Western-style industry could not compete against Asian industriousness. The Western- style mills failed to capture the silk export market because they could not obtain cocoons from vertically integrated silk- producing households. Small-scale producers in Gunma and Saitama had little incentive to sell cocoons to large mills because they earned larger profits from selling skeins of reeled silk to contractors or directly through silk manufacturers associations to merchants in Yokohama. Within a dozen years, the Meiji modernization campaign resulted in a debt crisis fueled by costly technology imports and by unproductive bond issues to support unemployed samurai left over from the feudal domains. Runaway inflation caused Chichibu moneylenders to hike their rates on loans taken out prior to the summer silkworm season. By 1881, interest rates had overtaken annual profits of the growers in the Chichibu area, and silk production fell by more than 70 percent during the following three years. Unable to obtain loans, the debt-burdened growers were reduced to selling cocoons to factories rather than finished silk to exporters. The powerhouse of Japan’s modern economy was being crushed by an inefficient and inappropriate factory system copied from the West.

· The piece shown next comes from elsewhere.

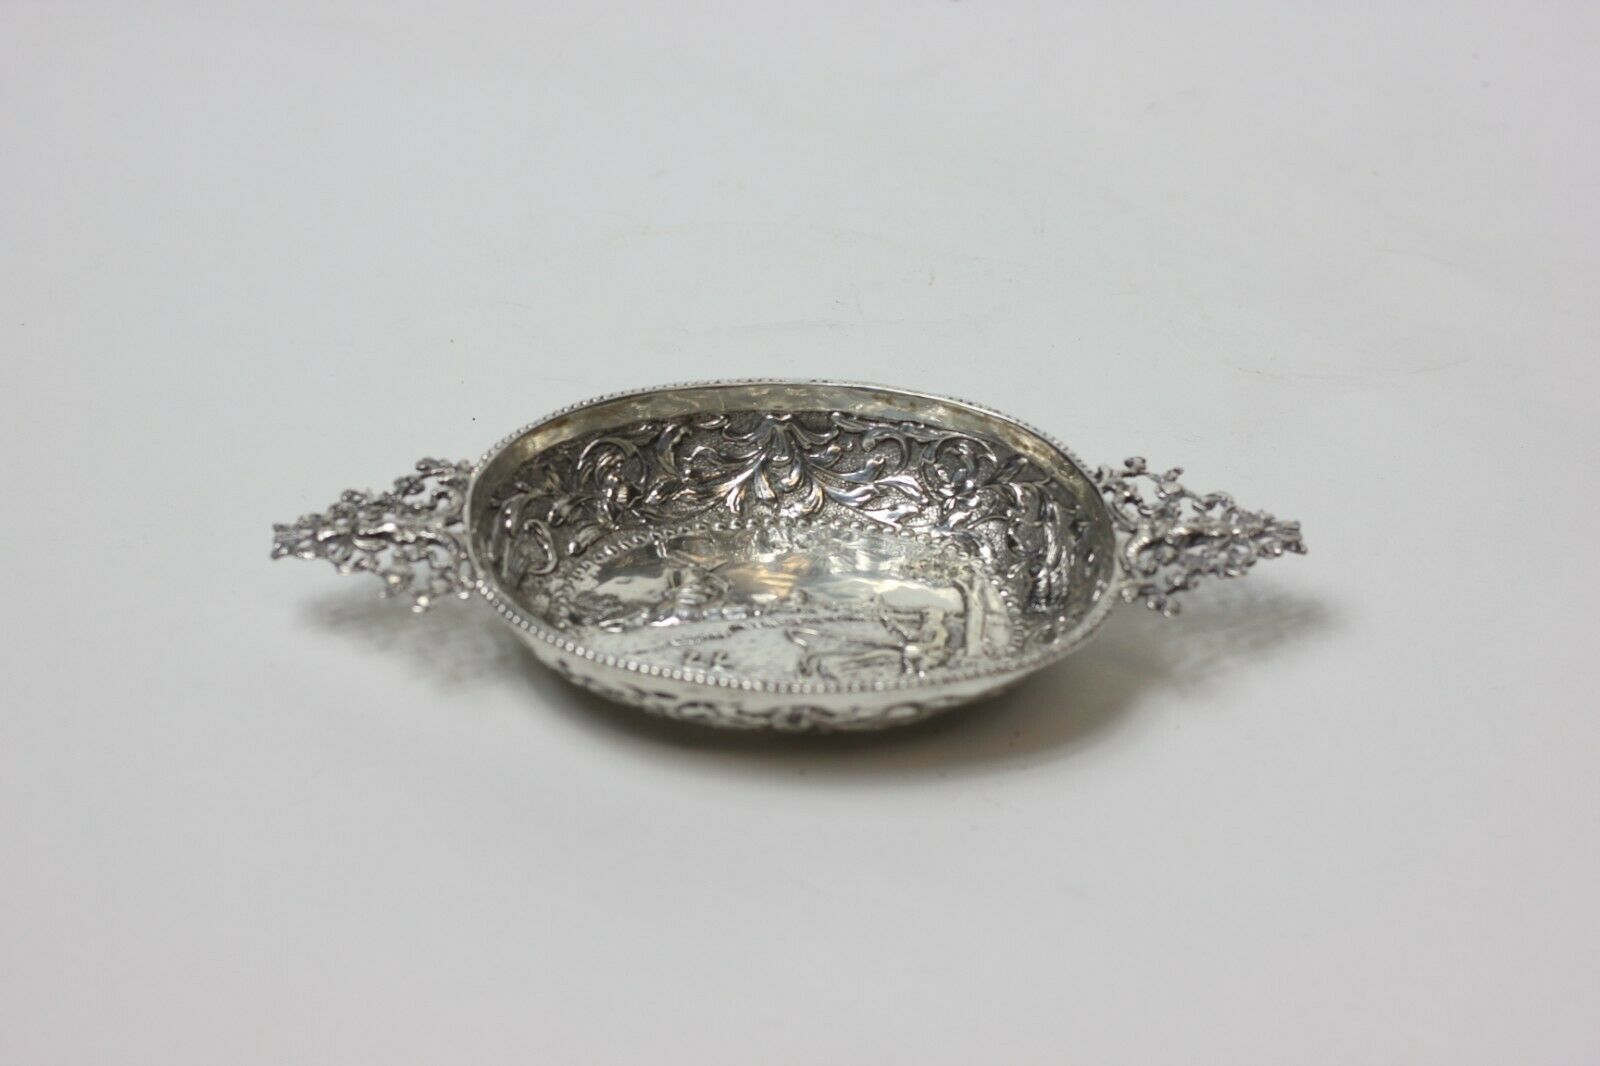 Antique German Hallmarked 13 Silver Brandy Bowl In Repousse, Early Silver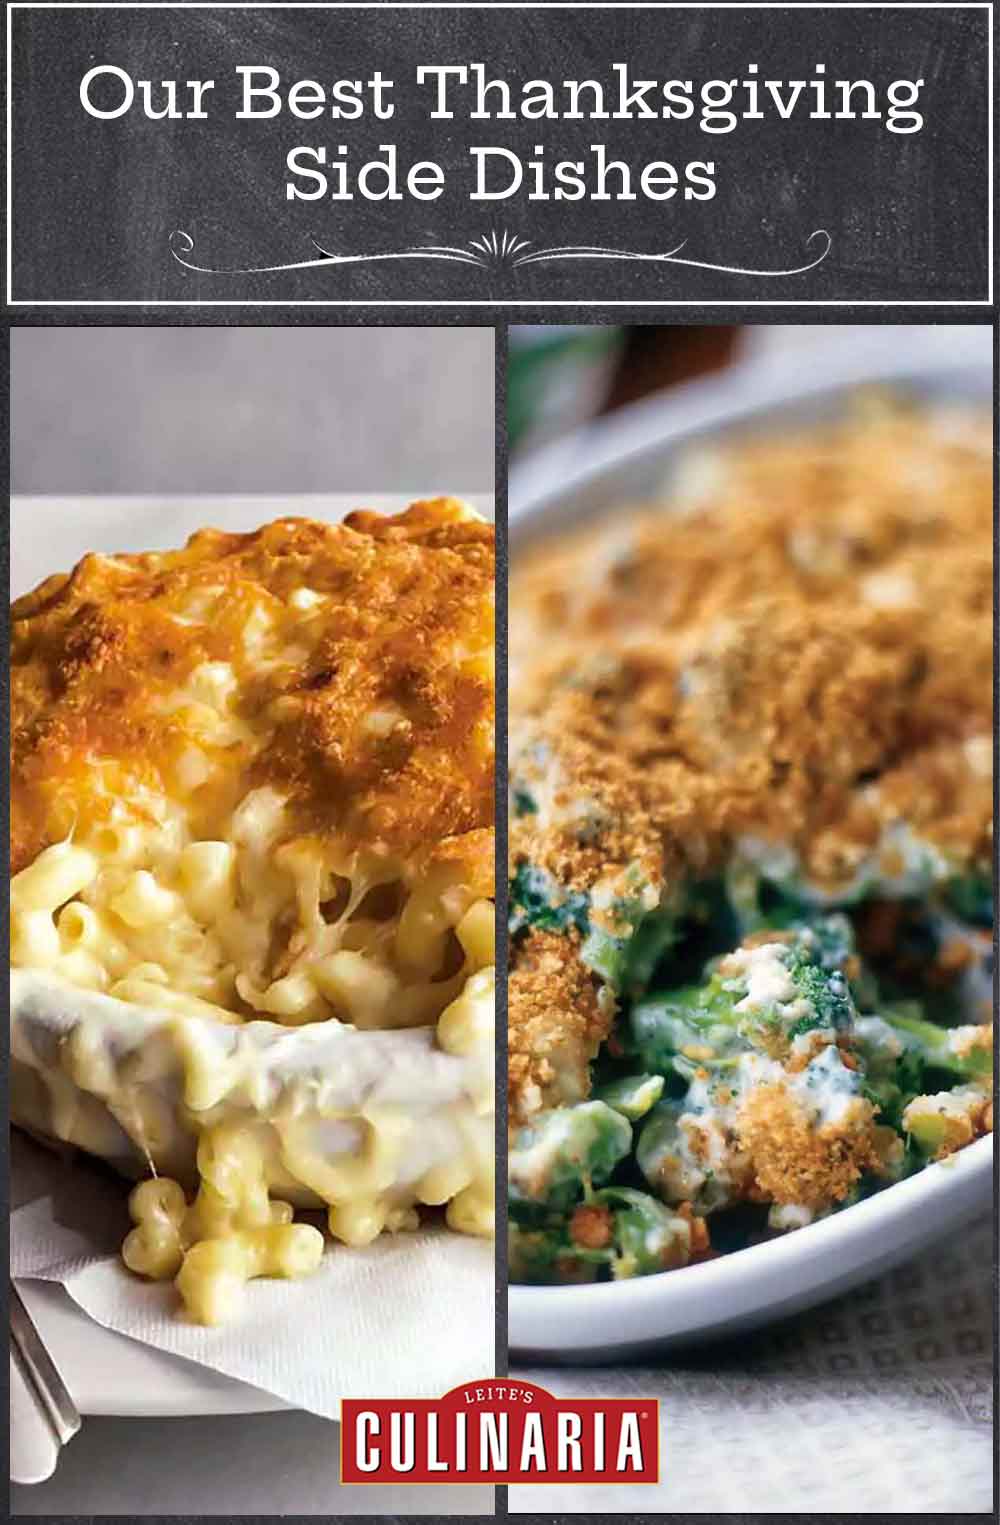 Images of two Thanksgiving side dish recipes -- macaroni au gratin, and broccoli blue cheese gratin.

The irreconcilable conflict between the Asian production mode and the newly introduced Western system resulted in a civil war. In 1884, the silk growers of Yoshida-machi raised a force of more than 8,000 rebels from across the Chichibu highlands to seek a debt moratorium and official controls on inflation. Inspired by the example of the Paris Commune, the leaders of the Chichibu Rebellion raised demands for universal suffrage and parliamentary democracy to replace the rule of imperial ministers. When the national government rejected their grievances, the rebels torched the storehouses of the moneylenders and, armed with muskets and spades, fought against columns of armed police and soldiers with breech- loading rifles. After a week of battle, the surviving rebels retreated over mountain passes to rally support among silk growers in Nagano Prefecture in the southern and central Japan Alps. On the eighth day of battle, a second army column descending from Matsumoto trapped the rebels at the foot of Yatsugatake, killing dozens. Some 3,800 men were found guilty of sedition and more common crimes, and the leaders were executed.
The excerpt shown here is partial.